The Joint Implementation Committee (JIC) established by the agreement was to review and assess its application. The committee, chaired by ECOWAS, was to meet at least once every three months and include members of the Commission for the Consolidation of Peace (CCP), regional diplomatic representatives and officials of the agreement's 'moral guarantors' – Togo, the UN, the OAU and the Commonwealth. However, the agreement did not spell out how the JIC was to relate to other institutions established under the agreement, such as the CCP or the Council of Elders.
Military problems began to appear soon after the signing. The role of ECOMOG, the West African peacekeeping force, needed to be reviewed in light of the transformation of the mandate of the United Nations Observer Mission (UNOMSIL) to peacekeeping status (UNAMSIL). Pressures on the Nigerian political leadership to remove their majority contingent in ECOMOG led to the decision to pull out. The option of two separate entities under separate commands in the same theatre of military operations was not seen as being viable. The UN, for policy reasons, refused to give financial support to a regionally constituted force. The compromise adopted was to phase out ECOMOG and absorb part of it into UNAMSIL. This changeover presented an opportunity for those wanting to test both the capabilities and resolve of the newcomers.
The tense and ambiguous situation in the country that brought the conflict parties back to the battlefield in May 2000 was ignited by confrontation between the RUF and UNAMSIL, climaxing in 500 peacekeepers being taken hostage by the RUF forces. From the start, the RUF contested the legitimacy of UNAMSIL and then obstructed its operations. Even before the hostage-taking incident, the RUF had demonstrated its rejection of the UN peacekeepers by seizing large quantities of arms, ammunition and heavy military equipment in two separate incidents. According to Oluyemi Adeniji, special representative of the UN secretary general in Sierra Leone:
"From its induction in Sierra Leone, Sankoh had displayed an antagonism which proved implacable to the UN Mission UNAMSIL. He denounced its deployment as illegal and inconsistent with the Lomé Agreement, done without his agreement and threatening to his party. Every effort made to explain the link between UNAMSIL and article XVI of the Lomé Agreement met with a pretence at understanding, only for UNAMSIL to be denounced again shortly thereafter. With that posture, RUF obstructed UNAMSIL from deployment throughout the country, protection of innocent Sierra Leoneans and others from gross violation of their human rights and assisting the extension of the authority of the Government of National Unity throughout the entire country." (Report to 3rd JIC meeting, 13 May 2000)
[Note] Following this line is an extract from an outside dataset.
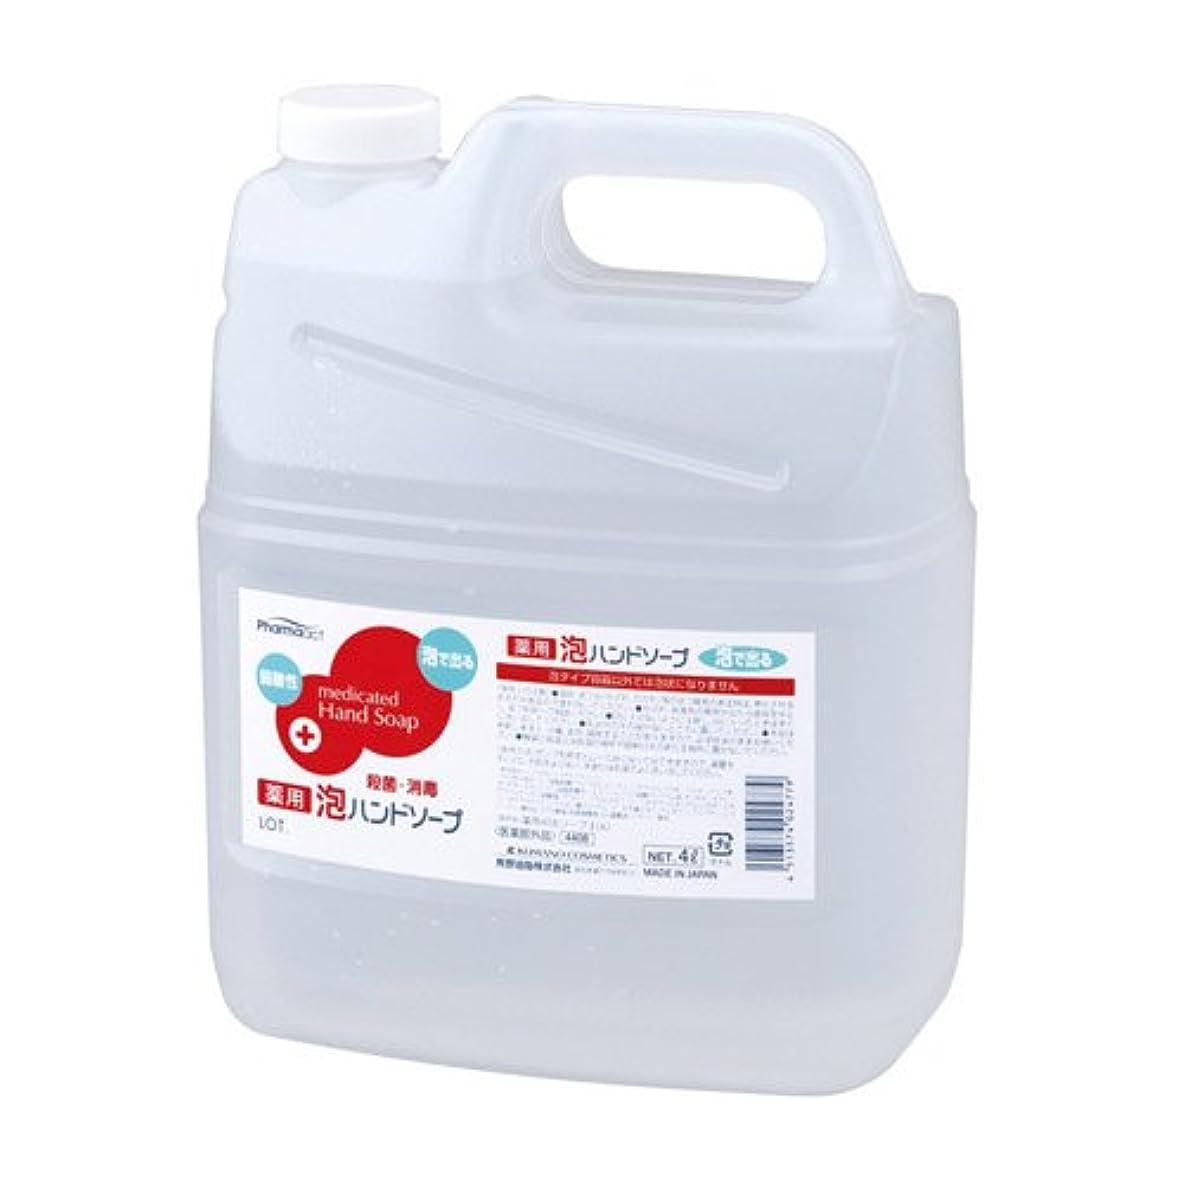 技術的な発行手配するファーマアクト 薬用 泡ハンドソープ 業務用 4L 【医薬部外品】
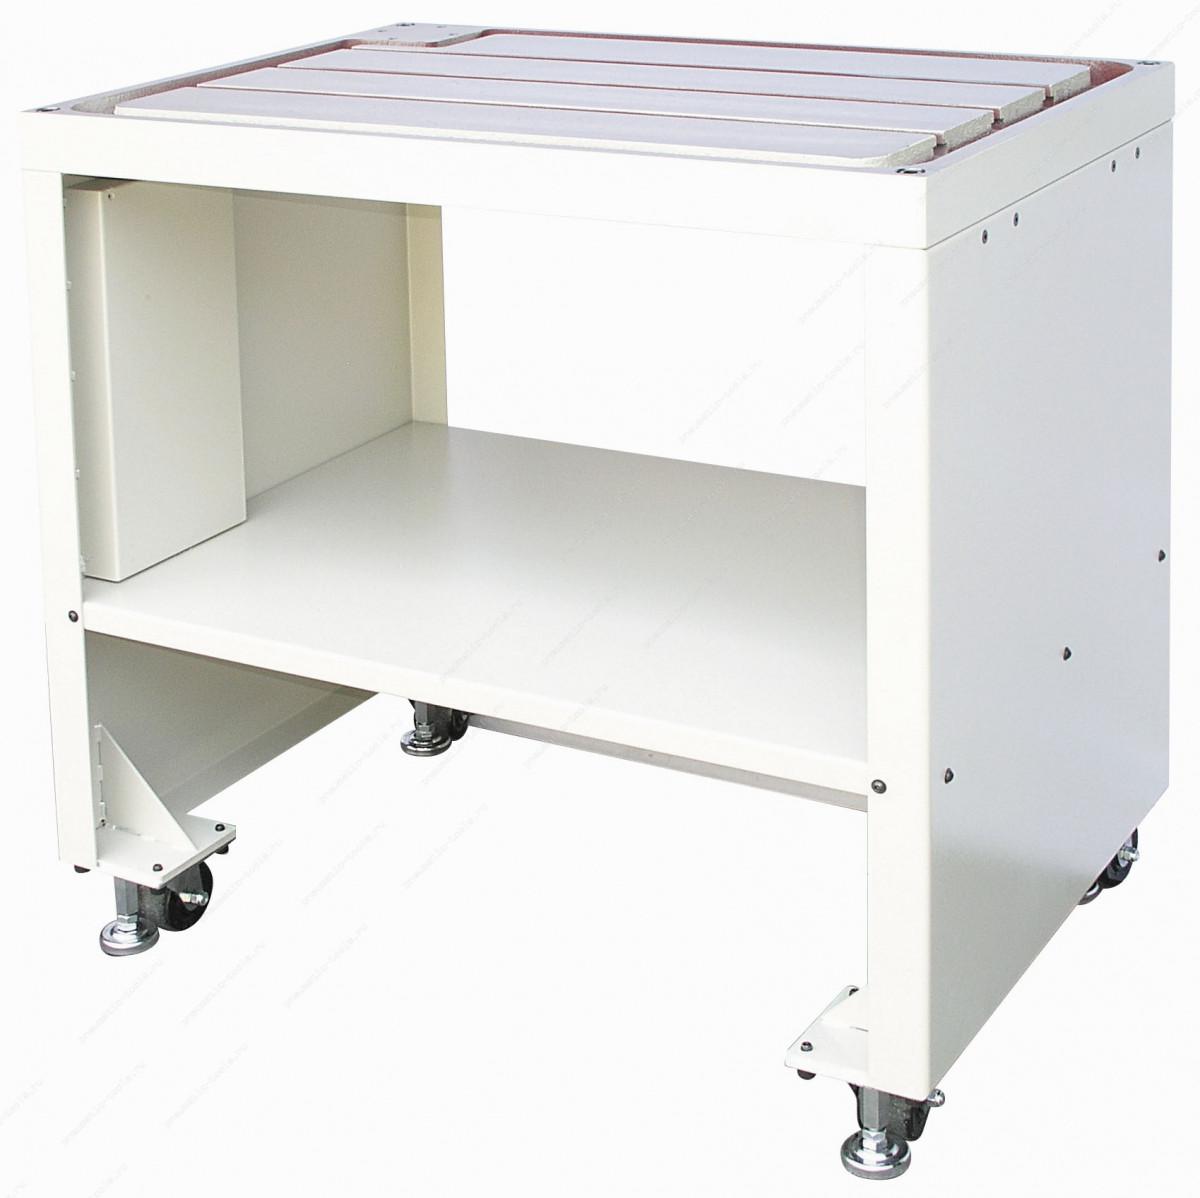 TM 800032 Стол для резьбонарезного манипулятора габариты (д х ш х в), мм: 900х630х900;  масса, кг: 200

At the political level, the JIC appeared to have little effect in mediating disputes arising from the agreement. At the second committee meeting, held on 24 January 2000, the RUF representative Solomon Rogers suggested that during the life of the current government and until general and presidential elections, the Lomé Agreement should take precedence over the constitution. Rogers' contention was summarily dismissed on the grounds that the Lomé document's section on 'governance' situated the agreement squarely 'within the spirit and letter of the constitution'. However, rejecting the RUF position conveniently ignored the fact that, in one area at least, the designers of the Lomé Agreement had been obliged to bend the constitution. In their effort to carve out a niche within the country's power structure for the RUF, they had offered Sankoh a 'status equivalent to vice president', even though only one vice president is provided for in the constitution. This political surgery, done in the name of peace, was apparently perceived by Sankoh as the opening of a dam of privileges and powers for him. When this did not happen, he constantly complained, as he once did to parliament, that his VP status was just a 'white elephant'.
Some of the other major problems were related to the inclusion of the RUF in the Government of National Unity, the RUF's establishment as a political party and the setting up of key structures created by the agreement. On several occasions, including the last press conference called by Sankoh before he fled into temporary hiding on 8 May, the RUF reiterated their claim that the government had not honoured its commitment to offer the RUF Party all the political, diplomatic and para-statal posts provided for in the agreement. The agreement had reserved for the RUF 'one of the senior cabinet appointments such as finance, foreign affairs or justice' and not one of these was offered. Instead, the government conceded the ministries of trade and industry, and of energy and power. It leaned on the semantic argument that the expression 'such as' should not mean 'that is' and it could therefore designate any posts considered to be of the same standing as those indicated.
The real bone of contention, however, was to become the allocation of diplomatic and para-statal jobs. The government claimed that it had decided to privatise the para-statals due to their poor management and that it was unnecessary to make fresh appointments to their boards. As far as diplomatic appointments were concerned, one can only interpret the eagerness of the RUF to get these posts as the expression of a desire to test their international 'acceptability', taking into account that the blanket amnesty granted by the Lomé Agreement was not fully endorsed by the international community. One surprising aspect of the tussle was that some cabinet members dismissed as a trivial detail what the RUF considered to be of crucial importance. Government claims of insufficient funds to set up diplomatic missions due to the continued occupation by the RUF of the country's revenue base – the diamond-rich district of Kono – were contradicted by the appointment of new ambassadors to Libya and Ghana.